How Low Can ETH Go After Losing $3K Support?

Ethereum remains in the correction phase after being rejected in the mid-$3,000 region, the price is moving forward in both the daily and 4-hour periods while on-chain data continues to show the trade leaving the supply structure.
The combination of short-term technical weakness and a long-term constructive chain trend creates an environment in which continued bearish or sideways action in the near term may meet a consistent bullish backdrop.
Ethereum Price Analysis: Daily Chart
On the daily chart, ETH fell after failing to support within the $3,300–$3,400 resistance block, which coincides closely with the 100-day descending moving average and remains below the 200-day moving average.
This rejection keeps the market in a broad position, with $2,500–$2,600 as the closest demand zone and the $3,300–$3,400 band as the main supply zone that will need to reestablish a strong bullish trend. The daily RSI has rebounded from the overbought zone and is now below 50, confirming a bearish trend with a corrective leg towards the aforementioned support group.
ETH/USDT 4 Hour Chart
The 4-hour structure shows a clear breakout from the ascending channel that has been holding the price since the end of December down to the $3,400 area. After losing both channel support and the intraday demand band around $3,000, ETH has moved up at a slower pace to $2,900, with the 4-hour RSI entering the oversold zone, indicating extended daily conditions but not yet confirmed reversal.

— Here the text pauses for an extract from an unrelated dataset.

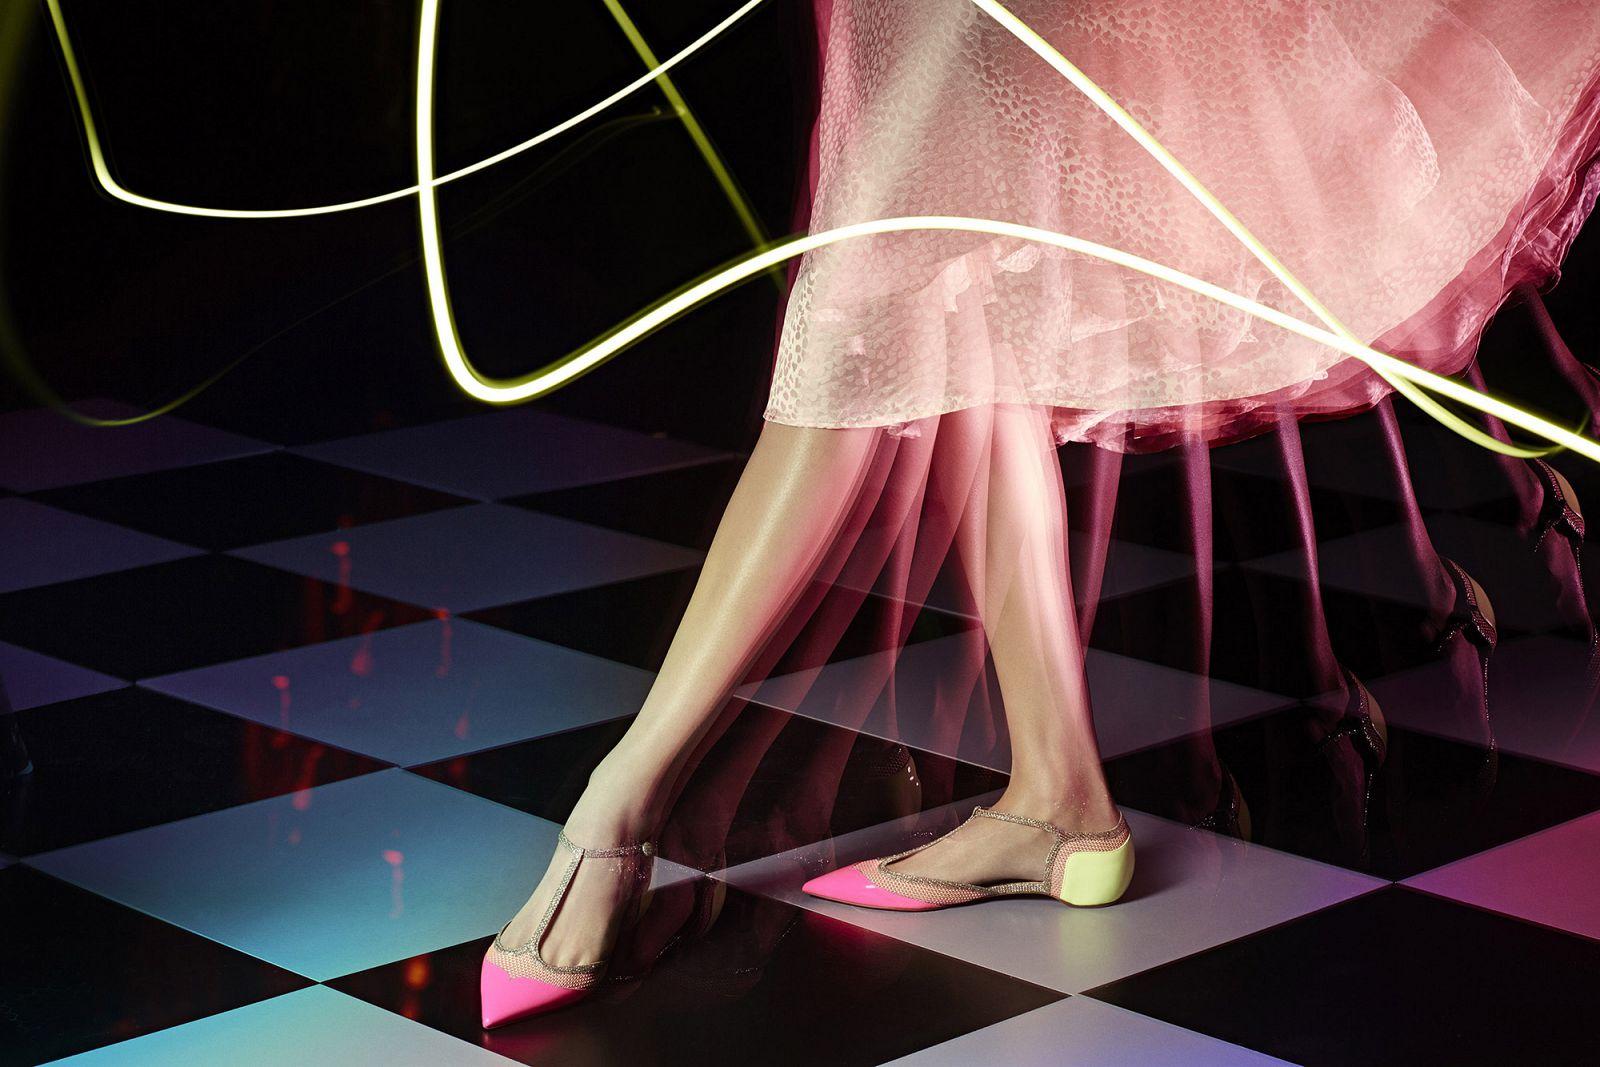 cheap christian louis vuitton shoes - christian louboutin tri-color paulina slingback pumps, boutin shoes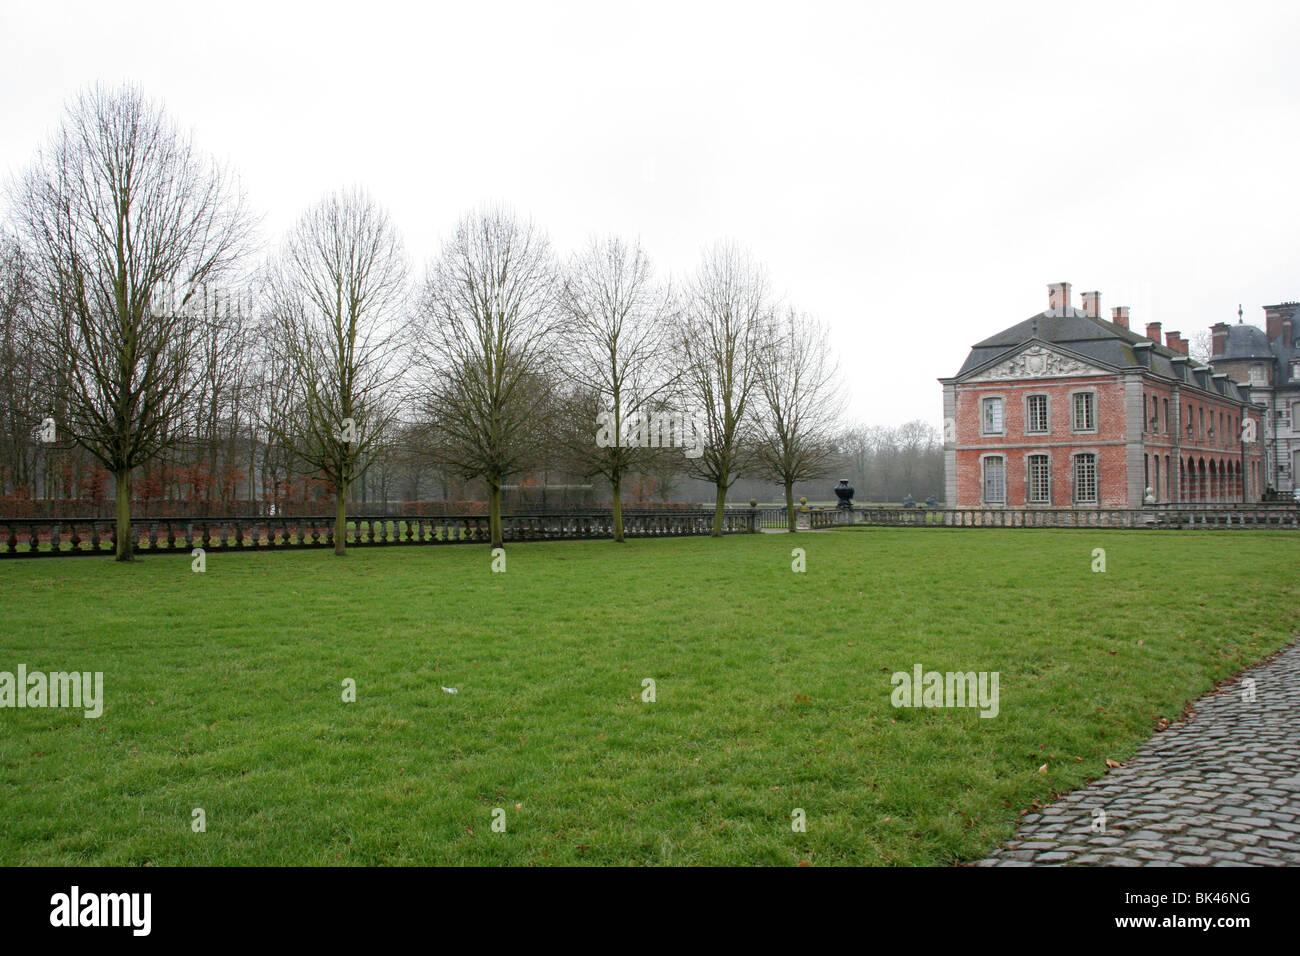 Beloeil palace in Belgium. - Stock Image

As long as the commodity trades below the base of the previous channel and below the $3,000 region, the intraday bias is still being corrected, there is a risk of an extension to the upper term demand around $2,500–$2,600 unless a quick recovery above $3,100 disrupts the breakout.
Onchain analysis
The Ethereum exchange rate has been trending downwards and now sits at its lowest levels in the past few years, indicating that a decreasing portion of the circulating supply is held in centralized trading venues.
This pattern generally reflects a gradual preference for long-term savings or holding fast cash, thereby reducing inventory on the side of sales as prices adjust for the short term.
Although low exchange rates do not prevent further declines in the near term, such persistent outflows have historically been accompanied by late correction phases within larger upswings, where renewed demand can easily translate into unexpected improvements when macro conditions and technology begin to support again.
SECRET AFFILIATE BONUS for CryptoPotato readers: Use this link to sign up and unlock $1,500 in exclusive BingX Exchange rewards (limited time offer).
Disclaimer: The information found on CryptoPotato is that of the authors cited. It does not represent CryptoPotato’s views regarding whether you buy, sell, or hold any investment. You are advised to do your own research before making any investment decisions. Use the information provided at your own risk. See the Disclaimer for more information.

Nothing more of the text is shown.